Sugar 101: all sugars are not equal

Sugar 101: all sugars are not equal

We've been bamboozled when it comes to sugar, but really, it’s simple: Natural sugars are good in moderation; refined sugars are bad. Really bad.

So what’s the difference?

Natural cane sugar is loaded with vitamins, minerals, enzymes, fibers and phytonutrients that help the body digest naturally occurring sugars. Cane sugar also contains vitamins A, C, B1, B2, B6, niacin, and pantothenic acid, which work synergistically with the minerals to nourish the body. Cane sugar also contains a unique mix of compounds called polyphenols, phytonutrients with powerful antioxidant properties and numerous potential health benefits. The polyphenols, vitamins, and minerals present in cane sugar help slow down the absorption of the sugars and prevent the sharp rise in blood sugar levels associated with refined sugar.

White sugar is heavily refined

During refinement, sugarcane is boiled at high temperatures, which destroys the enzymes and many of the nutrients present in the sugarcane. Then it’s crystallized through evaporation and further processed with phosphoric acid, formic acid, sulphur dioxide, preservatives, flocculants, surfactants, bleaching agents and viscosity modifiers. If this sounds horrible, it's because it is. Your body does not even recognize refined sugar as a food. It’s a chemical. And all that processing removes minerals required to digest sugar, including calcium, phosphorous, chromium, magnesium, cobalt, copper, iron, zinc and manganese. When you eat refined sugar, your body must use stored nutrients to digest it. This “leaching” robs calcium and other minerals from your bones, tissues and teeth.

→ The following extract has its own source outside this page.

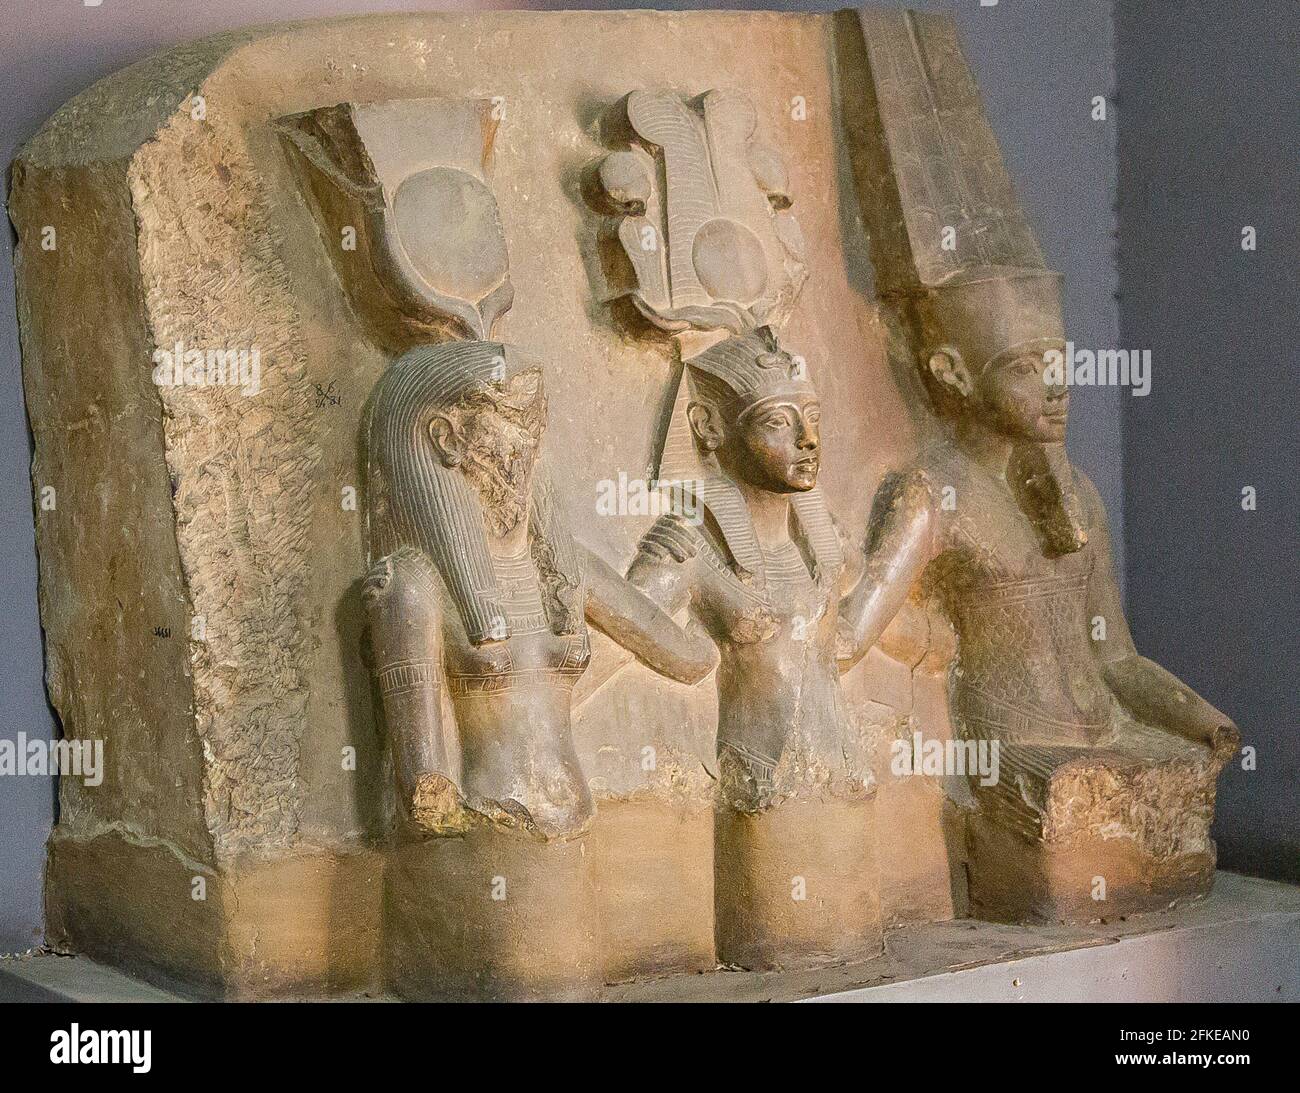 Egypt, Cairo, Egyptian Museum, limestone statue group of the king Tutankhamun between god Amon and goddess Mut.  From the Karnak cachette. Stock Photo

According to Ayurvedic tradition, natural sugar cane and honey are not mere sweeteners. They function as transporters of nutrients and are fundamental to assisting the body in absorbing and processing the benefits of the other botanicals within the formula. HANAH ONE contains less than 10 grams of sugar per tablespoon. This is less than the sugar present in 8 ounces of kombucha or in a medium peach, which contains 13 grams. Even a medium sized tomato contains 3.2 grams of sugar.

So what to do?

The body does need sugars as part of a balanced diet, and many foods contain natural sugars. If you require additional sugar for recipes or sport, look for natural cane sugar, non-refined, or use honey.


 

DISCLAIMER

Statements throughout this publication have not been evaluated by the FDA. These products are not intended to diagnose, treat, cure or prevent any disease process.